C. Mitteilung (Abs 1).
Rn 3
Der gesamte Inhalt des Kaufvertrags ist mitzuteilen, und zwar erkennbar zur Auslösung des Fristbeginns gem II (BGHZ 60, 275, 288), damit Berechtigter durch Kenntnis seiner Pflichten gem § 464 II Grundlage für Entscheidung über Ausübung hat (BGHZ 168, 152 Rz 18; BGH WM 66, 891, 893; Erman/Grunewald Rz 2). Mitteilung eines Dritten unabhängig vom Vorkaufsrecht reicht nicht (VG Ansbach BeckRS 16, 49093). Dazu gehören auch: der wirklich vereinbarte Inhalt bei einer falsa demonstratio (BGHZ 168, 152 Rz 18), der Eintritt von aufschiebenden Bedingungen und die Erteilung von Genehmigungen; nicht aber der Teilungsgenehmigung, da sie für die Wirksamkeit des Kaufvertrags ohne Bedeutung ist (BGH NJW 94, 315 f; aA MüKo/Westermann Rz 3). Am sichersten ist Zusendung von Vertragskopie, bei notariellen Verträgen Ausfertigung (vgl RG 108, 66, 67; BGH NJW 94, 315f); gesetzlich reicht Mündlichkeit (BGH LM § 505 Nr 3; Stuttg BeckRS 14, 11656: Kopie des Kaufvertrags muss aber vorliegen); die Einhaltung einer bestimmten Form (zB beglaubigte Abschrift des Kaufvertrags) kann nicht dinglich vereinbart werden (KG BeckRS 19, 608 Rz 16f). Vertragsänderungen sind gleichfalls mitzuteilen (BGH NJW 73, 1365 [BGH 23.05.1973 - VIII ZR 57/72]) bzw nach erfolgter Mitteilung nachzureichen (BGH NJW 94, 315).

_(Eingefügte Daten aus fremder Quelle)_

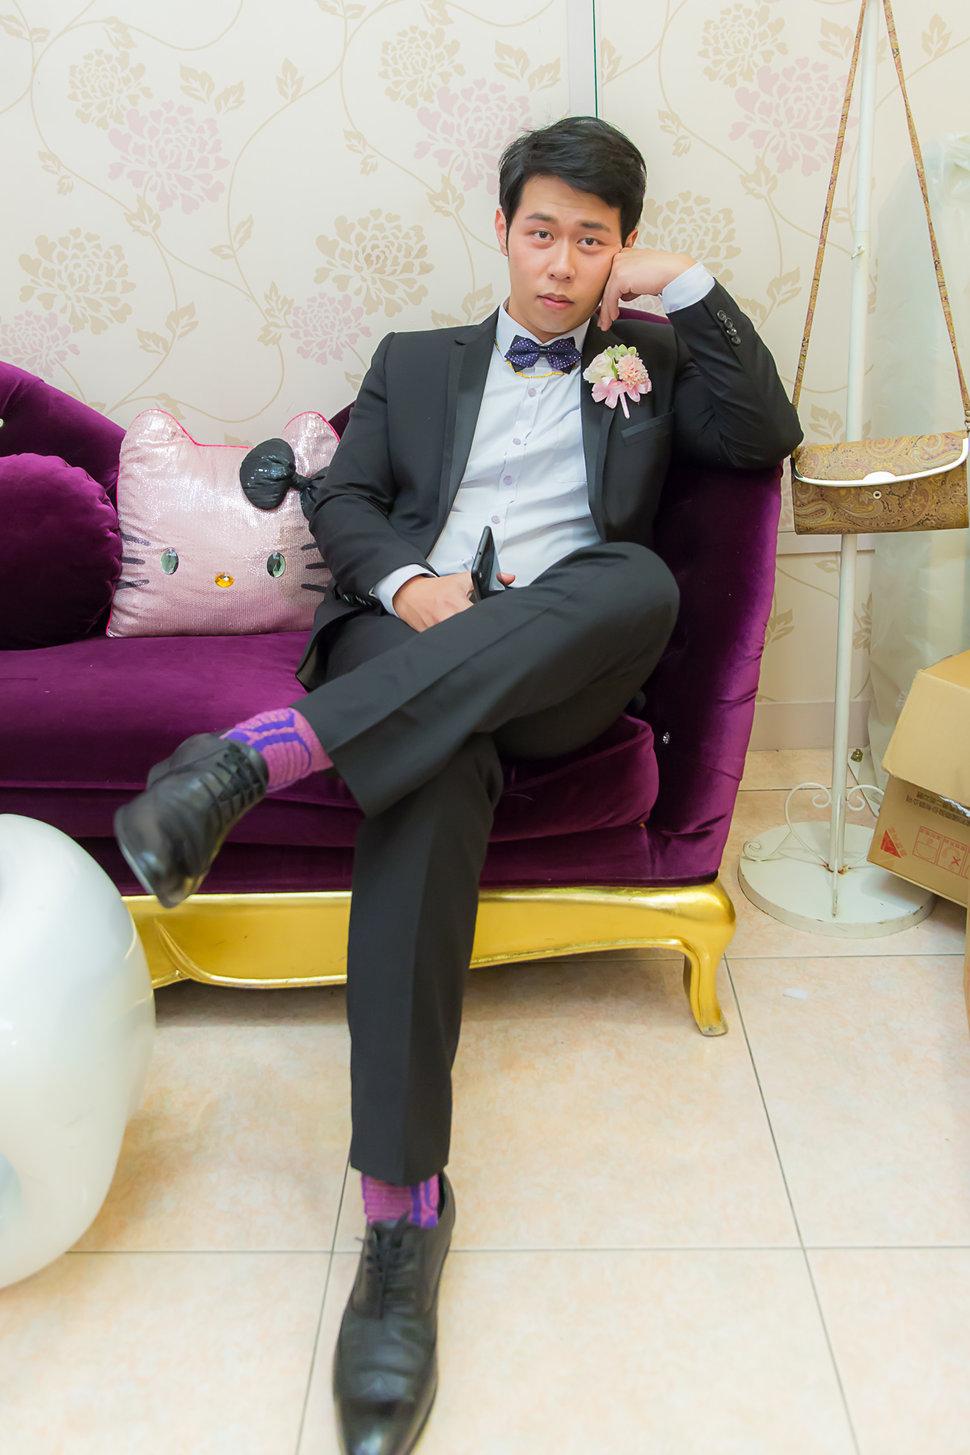 俊穎&宜君_文定迎娶_蘆洲富基婚宴會館(編號:288575) - Baby Sweety Studio - 結婚吧一站式婚禮服務平台

Erg besteht Pflicht, die Auskünfte zu geben, die für Ausübung des Vorkaufs benötigt werden (RG 108, 66, 67 auch zum Einfluss auf Fristenlauf; Erman/Grunewald Rz 4, 8; offen BGH NJW 94, 315, 316 [BGH 29.10.1993 - V ZR 136/92]; zur Forderung auf Besichtigung s RG DR 41, 1461; zur Mitteilung v iR einer Due Diligence gemachten Feststellung zu Baumängeln des Gebäudes s KG BeckRS 19, 6692 Rz 77 ff); sehr restriktiv zu handhabende Erweiterung, die Fristenlauf idR nicht berührt (Frankf NotBZ 06, 210, 211 [KG Berlin 26.01.2006 - 9 W 12/05]). Verletzung der Pflicht zur unverzüglichen Mitteilung macht Verpflichteten schadensersatzpflichtig (BGH WM 03, 385, 388 f; 788, 790; Staud/Mader/Schermaier Rz 2), nicht aber bei Ausübung für den reinen Verzögerungsschaden (Celle MittBayNot 08, 376, 377 m krit Anm Häublein). Der Drittkäufer ist nur berechtigt, nicht verpflichtet, die Mitteilung zu machen (I 2; RG 108, 66, 68). S § 467 Rn 2.
D. Frist (Abs 2).
Rn 4
Gesetzliche (II 1) und gewillkürte (II 2) Fristen beginnen erst nach Mitteilung des wirksamen Kaufvertrags (BGH WM 66, 891, 893; NJW 94, 315, 316 [BGH 29.10.1993 - V ZR 136/92]), dh erst nach Mitteilung von Vertragsänderungen (s Nachw Rn 3; Karlsr NJW-RR 96, 916), Erteilung von Genehmigungen (BGHZ 23, 342, 348; BGH LM § 510 Nr 3; Frankf NotBZ 06, 210; OVG Berl-Brandbg BeckRS 14, 50996) und Eintritt aufschiebender Bedingungen. Vorherige Mitteilungen sind daher nur vorläufig, va um gem § 463 Rn 25 eine möglichst frühe Entscheidung des Berechtigten herbeizuführen. Bei einem Ausübungsverzicht nach § 397 vor der Mitteilung kann sich der Berechtigte nicht darauf berufen, dass die Frist nach II noch nicht lief (Götting ErbbauZ 22, 34, 36). Unrichtige oder unvollständige Mitteilungen setzen die Frist nicht in Gang (BGHZ 168, 152 Rz 18; HP/Faust Rz 4; Götting ErbbauZ 22, 34, 37). Die Fristen sind Ausschlussfristen gem §§ 186 ff (BGHZ 32, 375, 382 f; BGH WM 66, 891, 893). Verlängerungen bedürfen der Form des § 311b I (analog zum Wiederkauf, s § 456 Rn 7); in AGB ist zeitlich unbegrenztes Vorkaufs-/Vormietrecht unwirksam (LG Karlsruhe NJW-RR 13, 1479, 1480 [LG Karlsruhe 07.05.2013 - 11 O 53/11]). Zur Genehmigung der Erklärung der Ausübung innerhalb der Fristen von II s § 464 Rn 1. S zum Fristlauf bei mehreren Berechtigten: § 472 Rn 2.